Your latest compilation for Fabric has been billed as the future sound of drum & bass – what do you think are the elements that make this the case?
“Really? [Laughs] Well, yeah okay, I’ve always been on the cusp of future music with whatever I’ve been involved in so the mix is no exception to that but I just believe that what I’ve always done in terms of music is like jazz, rather than what people call drum & bass. It’s just always been changing and moving forward. That’s exactly the position I want to be in with my music and no matter what I’m listening to the music cannot be a cheap gimmicky thing, for me it’s life, it’s something that brings in wherever I’ve been involved in with stuff.

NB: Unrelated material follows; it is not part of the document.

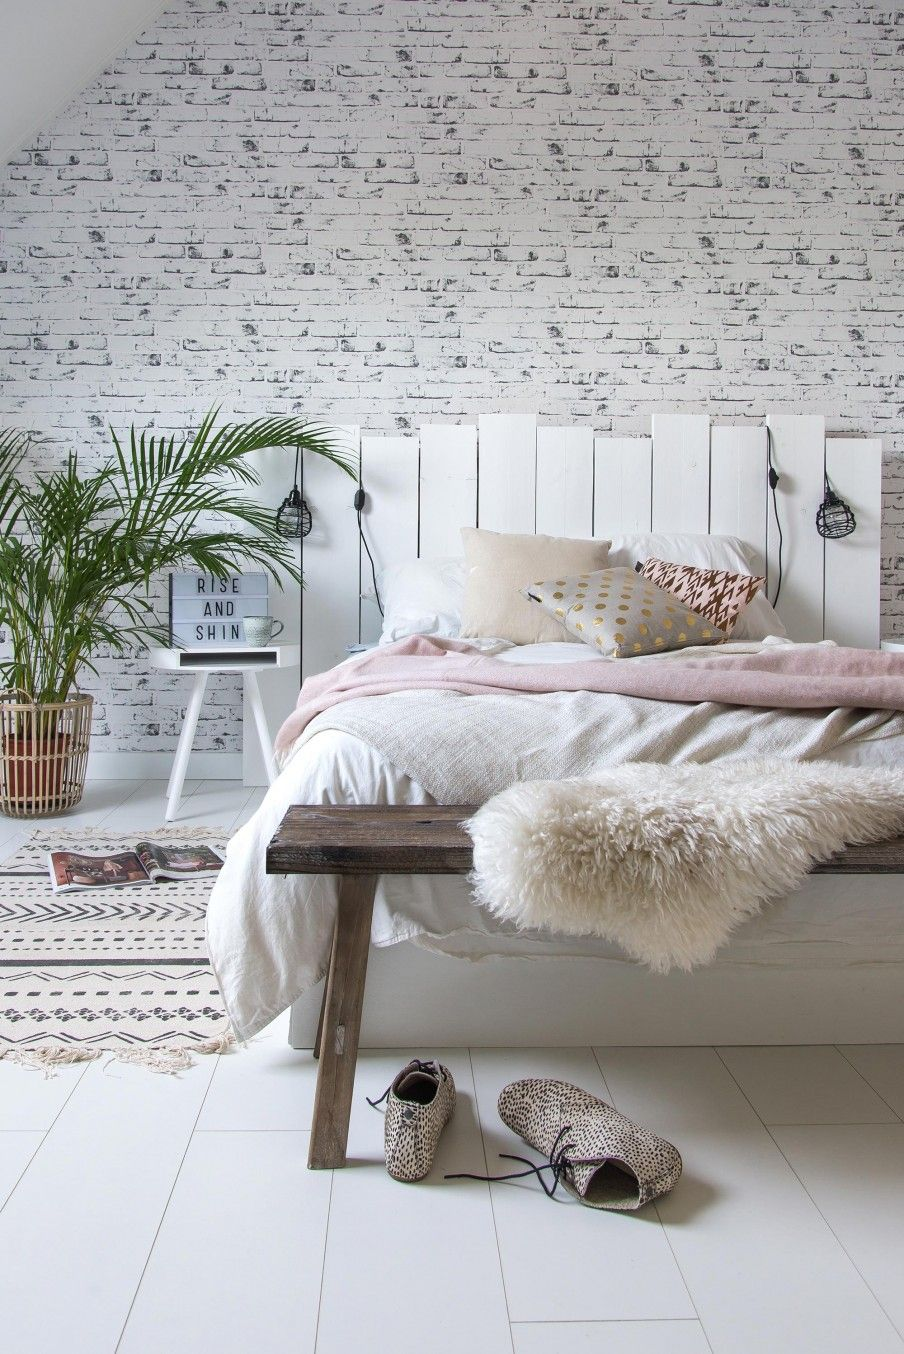 diy hoofdbord bedroom inspiration vtwonen 11 2016 fotografie en styling

When it’s to do with music I like to say, in twenty years time I can still hear that and say that it means something to me, so in that sense I agree, defiantly.”
Would you then say there have been breakthroughs with the recent artists that you’ve worked with on Good Looking Records?
“To be honest I think the artists themselves are the breakthrough in terms of what they’ve worked at and what they’ve made. I’m just the producer putting it all together… but with music now, especially drum & bass, were in a prolific period, there’s just so many people making this music, so you have to find the people who are going to be taking things forward, I’m lucky enough to have a really good collection of people involved in music who are constantly doing what they believe in and pushing the boundaries.”